And there'll be more next winter! We think that they are given a free Mh instead of a gold watch,when they reach retirement age


----------



## kenspain

Pauljenny said:


> The Algarve was chocker block full of motorhomes last winter,heaving with them! Mostly Frog vans too scared to go to their usual haunts in Morocco.
> 
> And there'll be more next winter! We think that they are given a free Mh instead of a gold watch,when they reach retirement age



I know blinking tried to park up on some land I have there but me mate soon F them off:wave:


----------



## vwalan

kenspain said:


> You better tell him you like warm water in the pool not cold:lol-049::lol-049::wave:



when we get up near albox its always cold . usually can see the snow getting closer by the day. 
even worse over at cantoria . every morning a hill in the distance is covered white . 
. the other year my mate gordon lost a fair bit of his land into what was a stream . it became a river and washed loads away. 
but never mind , when you going then ken ?was hoping to see ypou as we missed you last winter. 
we didnt get to visit anyone much . it looked too cold inland and you didnt answer . you didnt want to warm the pool i know. hee hee regards to family .


----------



## Byronic

I'm getting the distinct impression that we are not being offered the extended hand of a warm welcome to Spain this winter judging by this thread.
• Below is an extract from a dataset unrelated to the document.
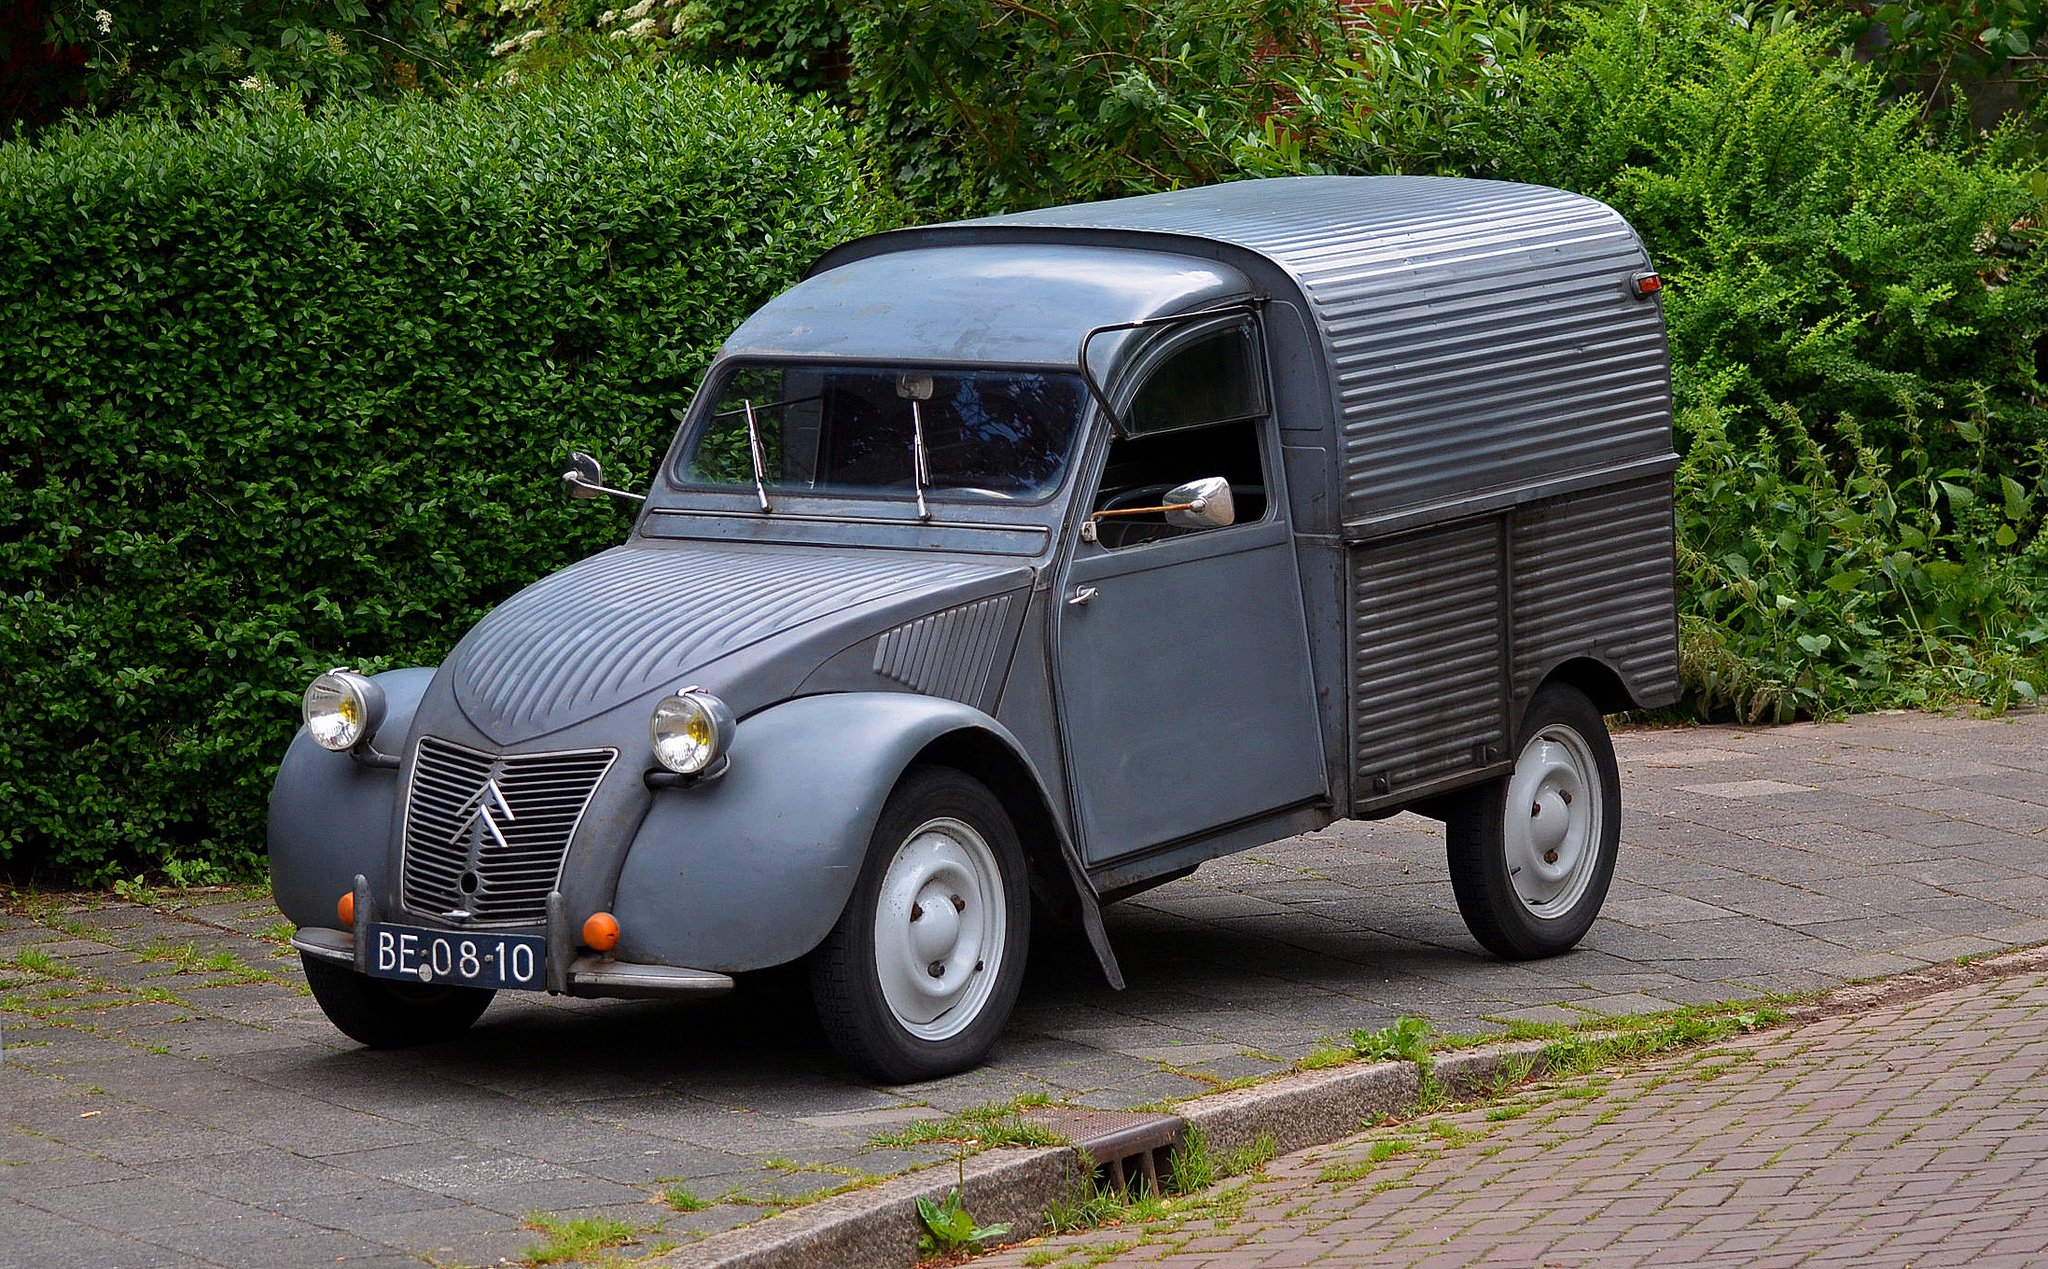 2cv, Citroen, Classic, Cars, French, Fourgonnette, Delivery Wallpaper

Perhaps I'm just being a touch paranoid:sad:


----------



## kenspain

We are looking at a house in Almeria  on our way back from Portugal in September bit warmer there in the winter if we get it I let you have the address so you and Bob can stop they got a bit of land with it.:wave:


----------



## Herman

Colin Cockfield said:


> I lived in Andalucia for 10 years and motorhome here too, so I know it quite well. We drive back to the UK at least once a year in the MH, usually for Christmas.
> 
> There are fewer camping sites here than in France and the quality generally is not as good, although there are some exceptions. Wild parking isn't really a problem except at some resorts where camping on the beach is strictly prohibited. Go along the coast a short way though and you will find somewhere to park for free. There is a free camper park in my nearest town Huercal Overa also a water emptying point, it will be a long time before they catch up with France though!
> 
> For free water look for the sign 'Fuente', on occasions the amount you can take is restricted, so don't upset the locals by overdoing it! If it says Non Potable, it will not be fit for drinking.
> 
> Colin



Thanks for the advice.


----------



## don simon

Jenrai said:


> Hi,
> 
> I know the following has been posted elsewhere but it looks like a good resource, lots of pictures, POI information and links to POI on Google Maps. You may need to use Google page translate if you want to get the gist of the comments.
> 
> Mapa de lugares furgoperfectos - Wild & not wild camping spots (Spain - Europe) - furgovw.org
> 
> Happy camping,
> 
> Jenrai


That's a great resource. But having lived in Spain I wouldn't be worried about rocking up somewhere for an overnighter, somewhere sensible that's not going to upset anyone, that is.


----------



## MykCamper

carol said:


> Will be keeping an eye on this forum as I'm hoping to do the snowbirds thing next winter, just depends where. I like to be away from the crowds. I don't do sunbathing these days, preferring to walk, sight see or laze around with a book and a beer. Any suggestions of the perfect destination for me?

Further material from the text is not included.